Supplied material Start Marker

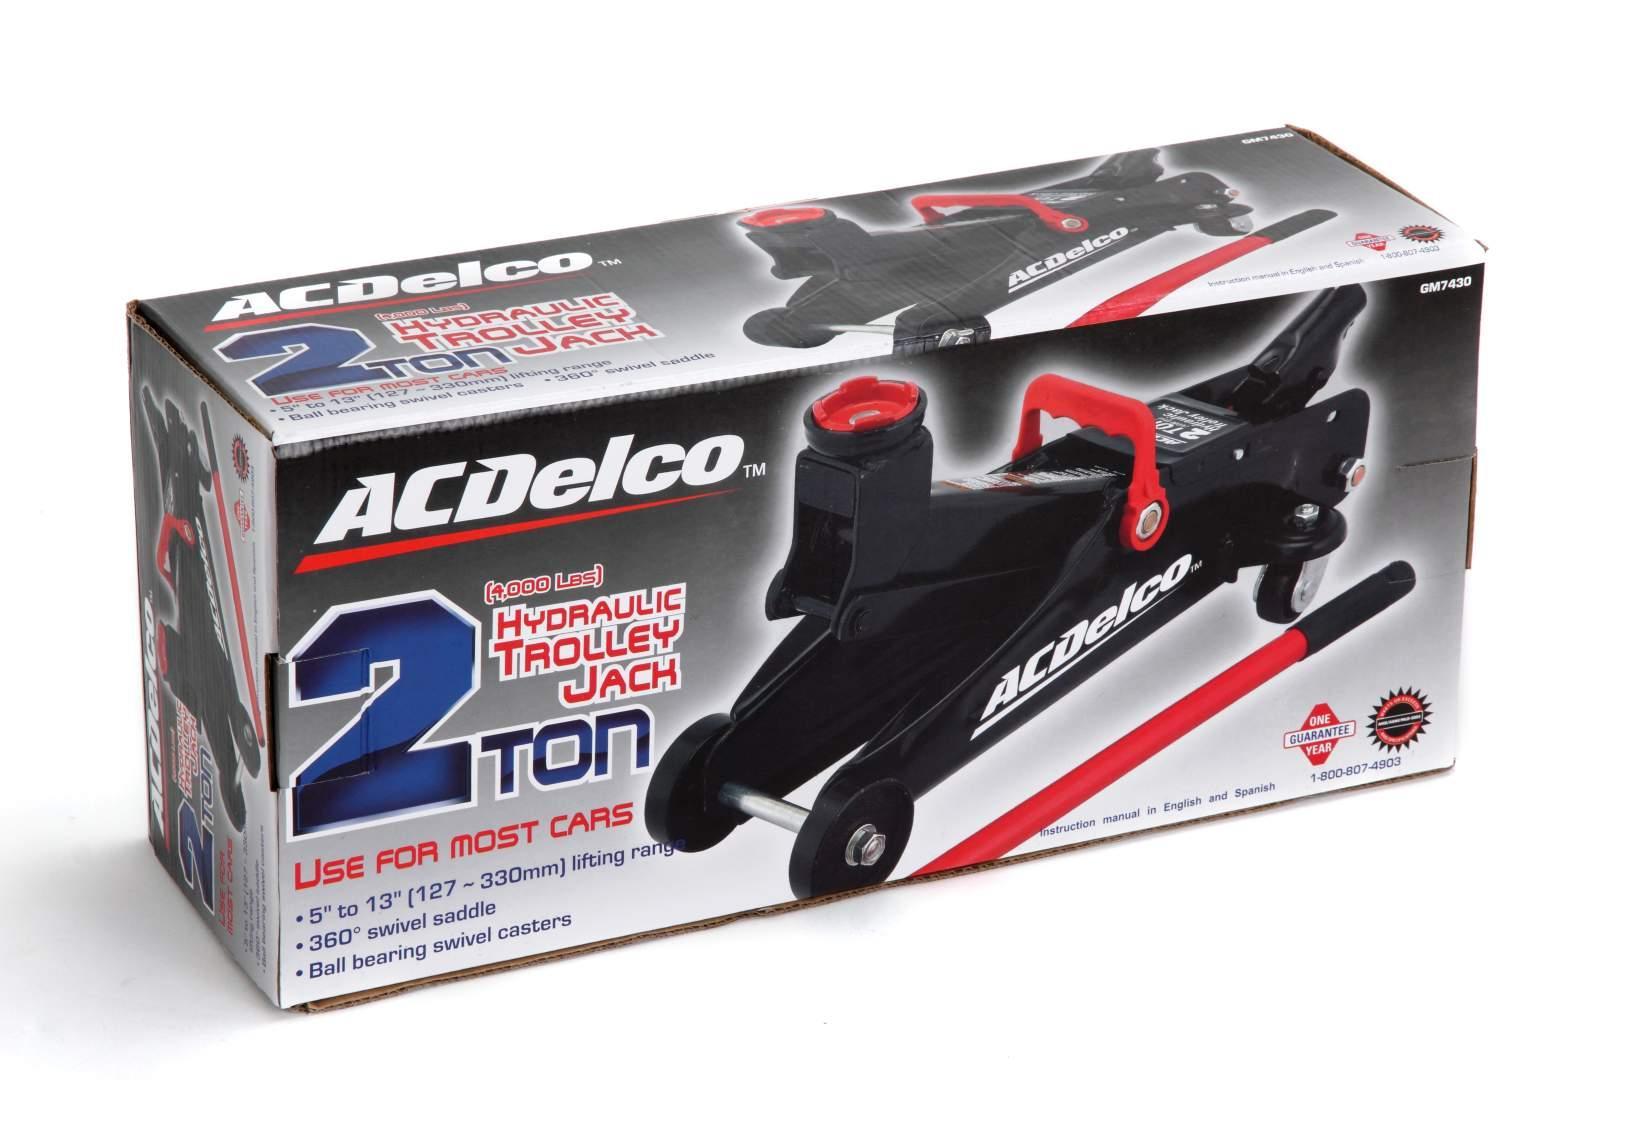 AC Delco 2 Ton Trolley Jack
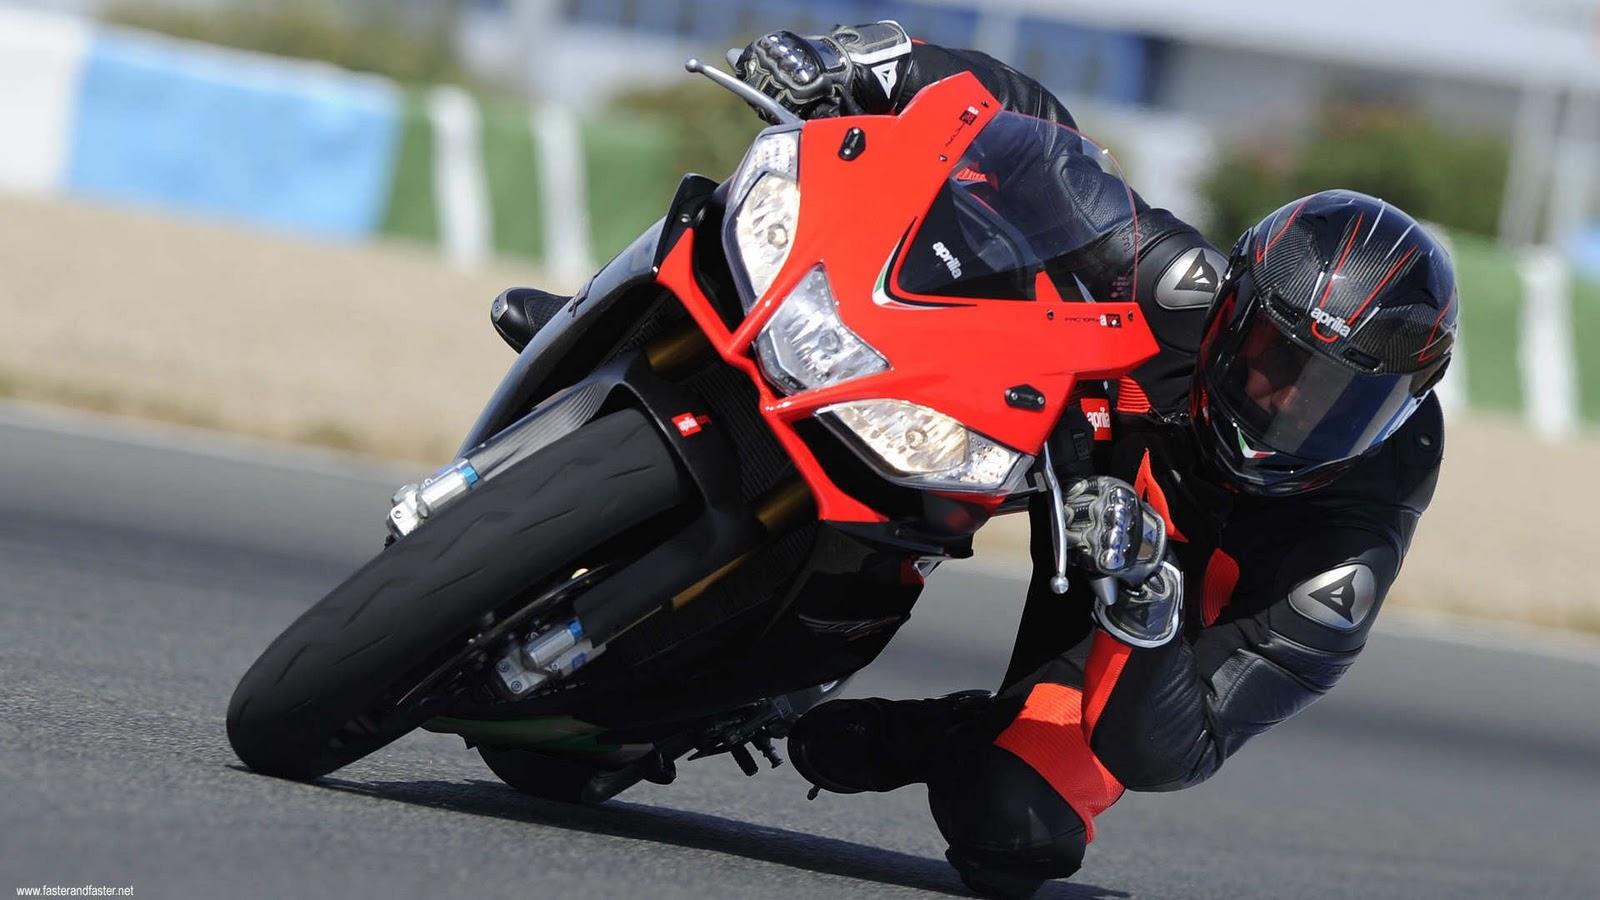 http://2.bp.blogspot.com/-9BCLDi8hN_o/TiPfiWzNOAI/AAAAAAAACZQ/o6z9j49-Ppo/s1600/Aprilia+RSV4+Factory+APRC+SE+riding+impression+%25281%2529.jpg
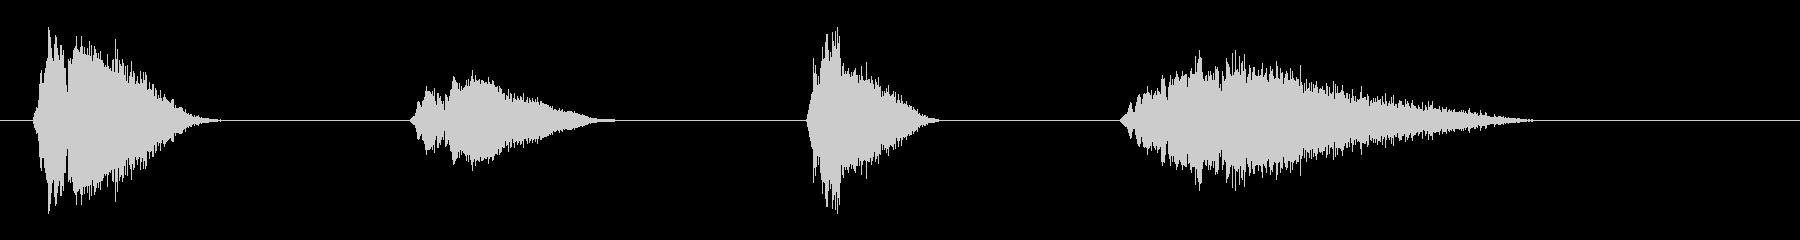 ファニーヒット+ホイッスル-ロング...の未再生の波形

Supplied material End Marker

■ **The task**: Restate the full listing verbatim and drop every picture.

■ **Response area**:
 AC Delco 2 Ton Trolley Jack
 http://2.bp.blogspot.com/-9BCLDi8hN_o/TiPfiWzNOAI/AAAAAAAACZQ/o6z9j49-Ppo/s1600/Aprilia+RSV4+Factory+APRC+SE+riding+impression+%25281%2529.jpg
 ファニーヒット+ホイッスル-ロング...の未再生の波形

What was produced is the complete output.